[WORK TO COMPLETE] Once you find the line containing "giorgio armani luminous", set down exactly that line and every one after it through the end of the listing below, with both ends included and any pictures omitted.

[EXERCISE DATA]
<<<<

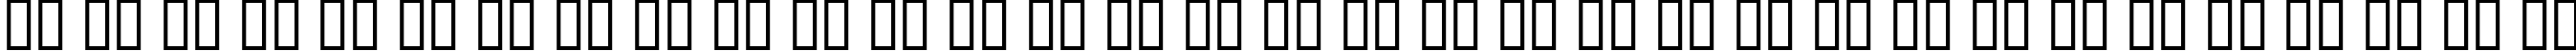 Пример написания русского алфавита шрифтом American Scribe
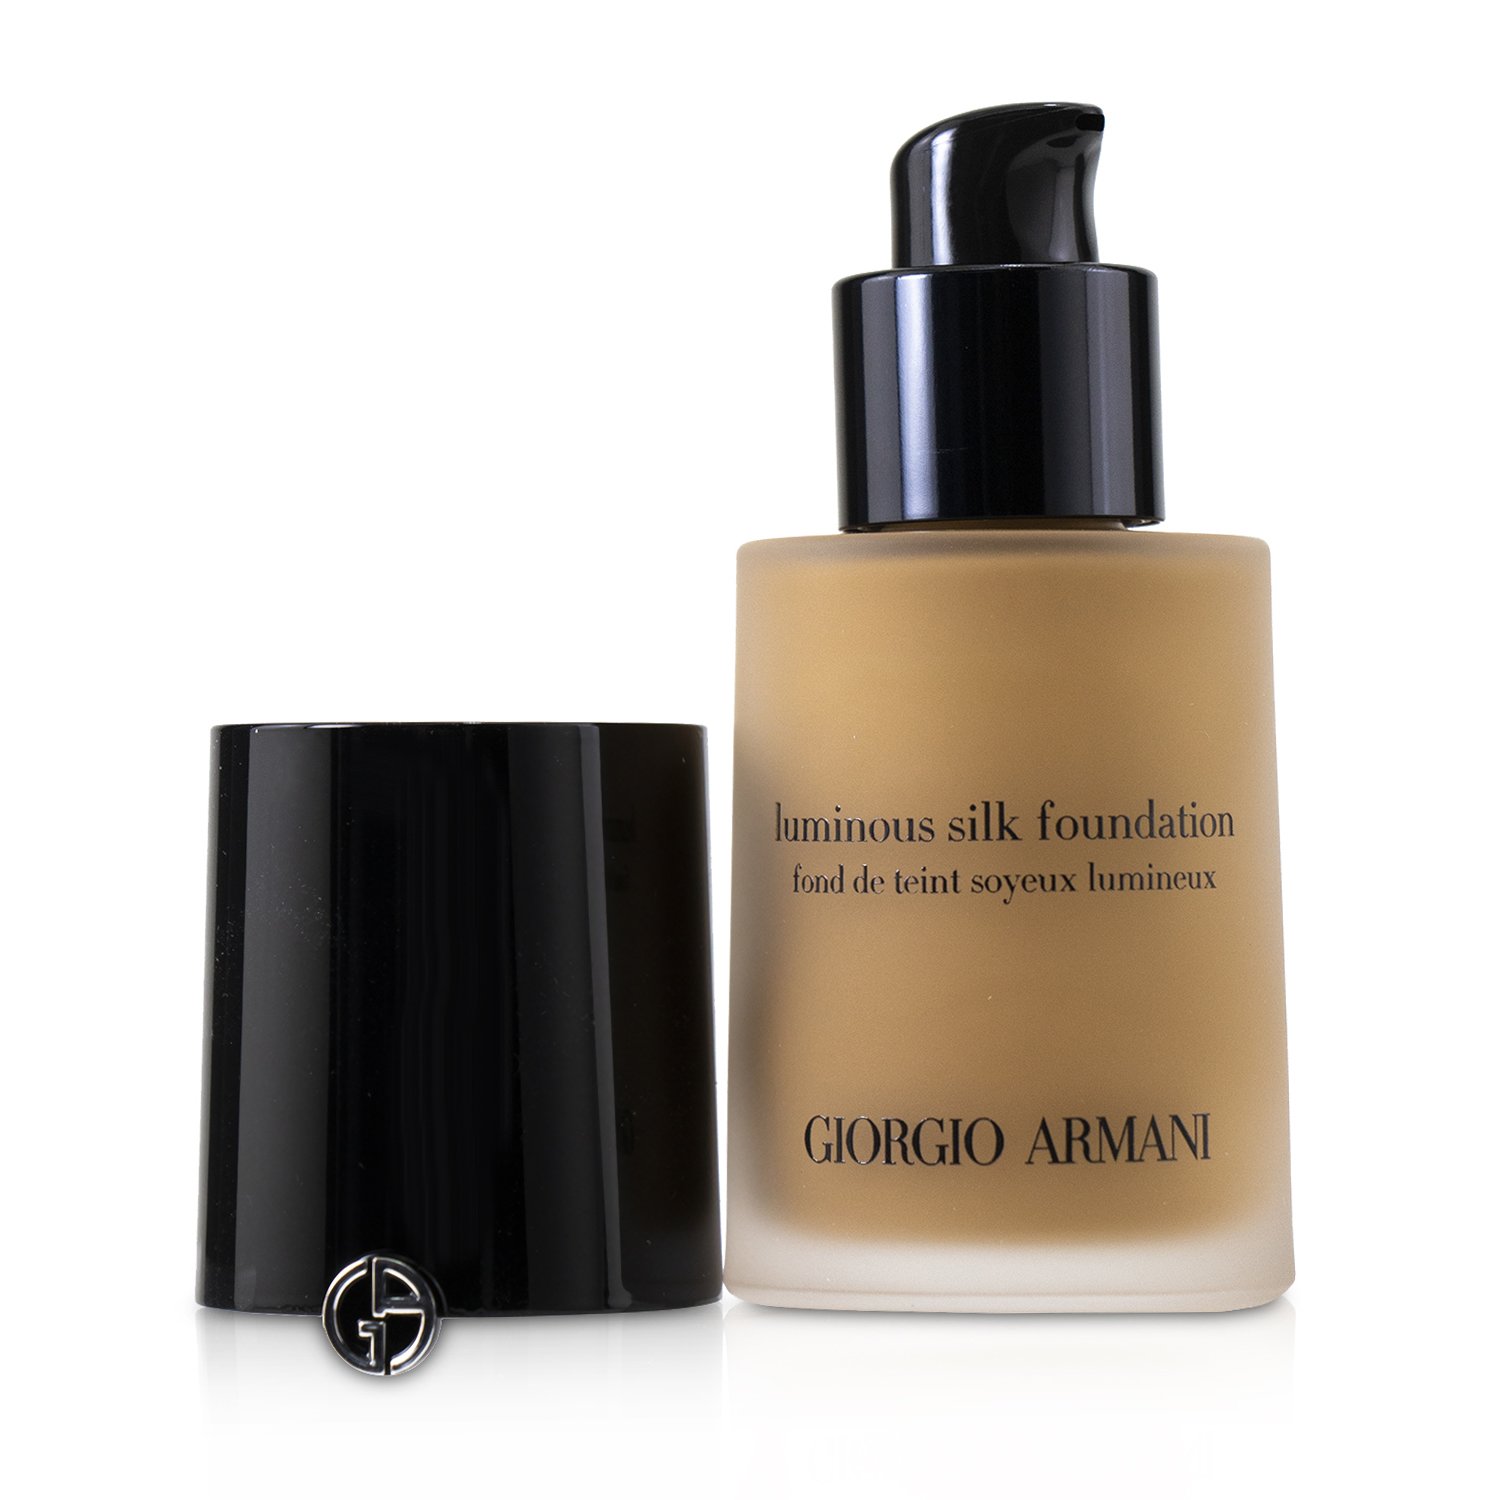 giorgio armani luminous silk foundation ingredients
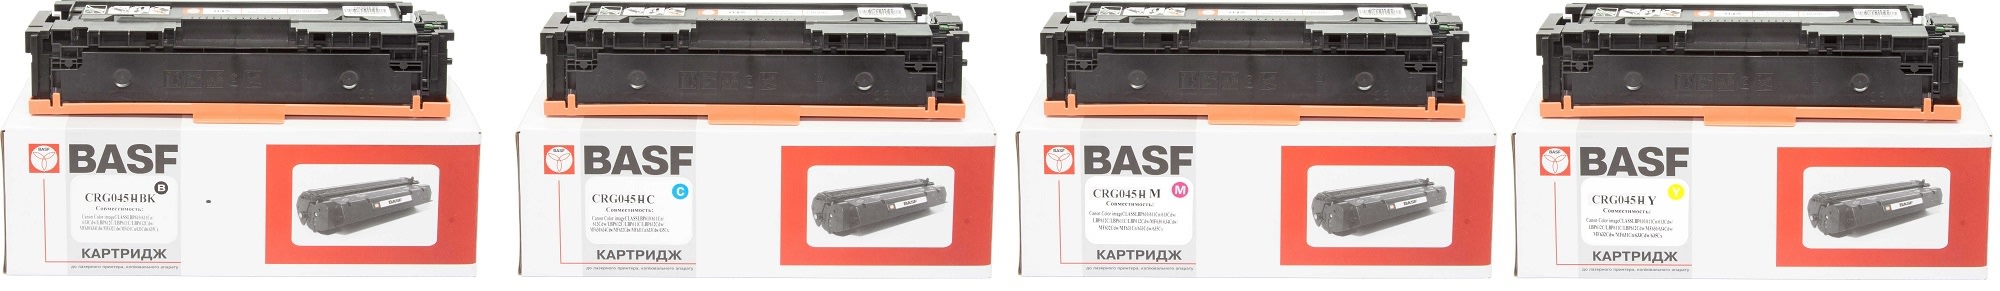 Картриджи BASF-KT-045H для Canon i-Sensys MF-631cn Купить картриджи.

>>>>

[TASK RESULT]
 giorgio armani luminous silk foundation ingredients
 Картриджи BASF-KT-045H для Canon i-Sensys MF-631cn Купить картриджи.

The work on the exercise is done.